An approximate F-test based on the Kenward-Roger (1997) approach.

Usage

ci_kenward(model, ci = 0.95)

dof_kenward(model)

p_value_kenward(model, dof = NULL)

se_kenward(model)

Arguments

model

A statistical model.

ci

Confidence Interval (CI) level. Default to 0.95 (95%).

dof

Degrees of Freedom.

Value

A data frame.

Details

Inferential statistics (like p-values, confidence intervals and standard errors) may be biased in mixed models when the number of clusters is small (even if the sample size of level-1 units is high). In such cases it is recommended to approximate a more accurate number of degrees of freedom for such inferential statistics. Unlike simpler approximation heuristics like the "m-l-1" rule (dof_ml1), the Kenward-Roger approximation is also applicable in more complex multilevel designs, e.g. with cross-classified clusters. However, the "m-l-1" heuristic also applies to generalized mixed models, while approaches like Kenward-Roger or Satterthwaite are limited to linear mixed models only.

References

Kenward, M. G., & Roger, J. H. (1997). Small sample inference for fixed effects from restricted maximum likelihood. Biometrics, 983-997.

See also

dof_kenward() and se_kenward() are small helper-functions to calculate approximated degrees of freedom and standard errors for model parameters, based on the Kenward-Roger (1997) approach.

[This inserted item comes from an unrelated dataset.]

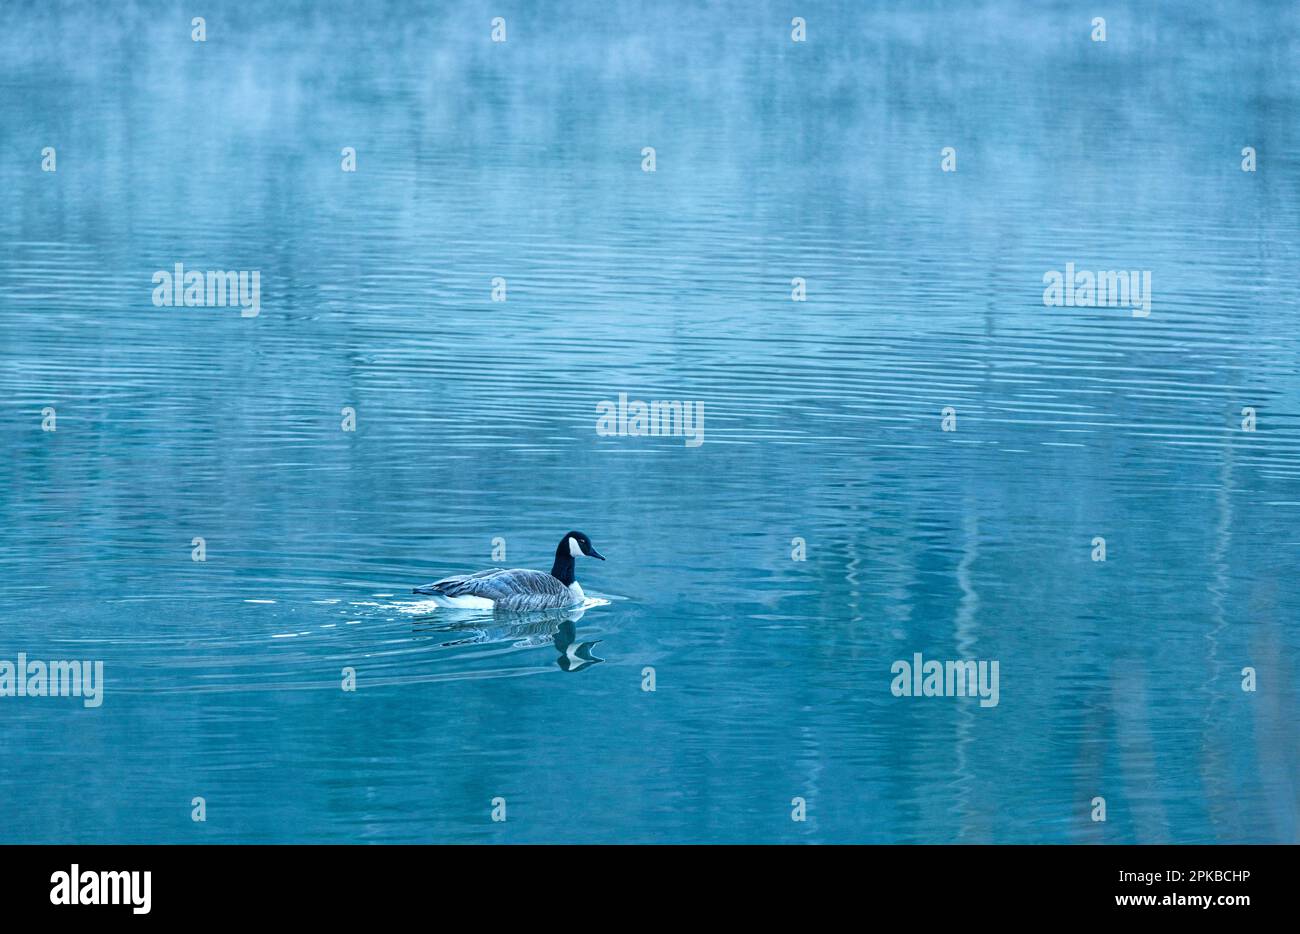 Europe, Germany, Hesse, Waldecker Land, Kellerwald-Edersee National Park, Canada Goose (Branta canadensis) swimming on the water Stock Photo

dof_satterthwaite() and dof_ml1() approximate degrees of freedom based on Satterthwaite's method or the "m-l-1" rule.

Examples

# \donttest{
if (require("lme4", quietly = TRUE)) {
  model <- lmer(Petal.Length ~ Sepal.Length + (1 | Species), data = iris)
  p_value_kenward(model)
}
#>      Parameter            p
#> 1  (Intercept) 9.605137e-01
#> 2 Sepal.Length 8.598429e-29
# }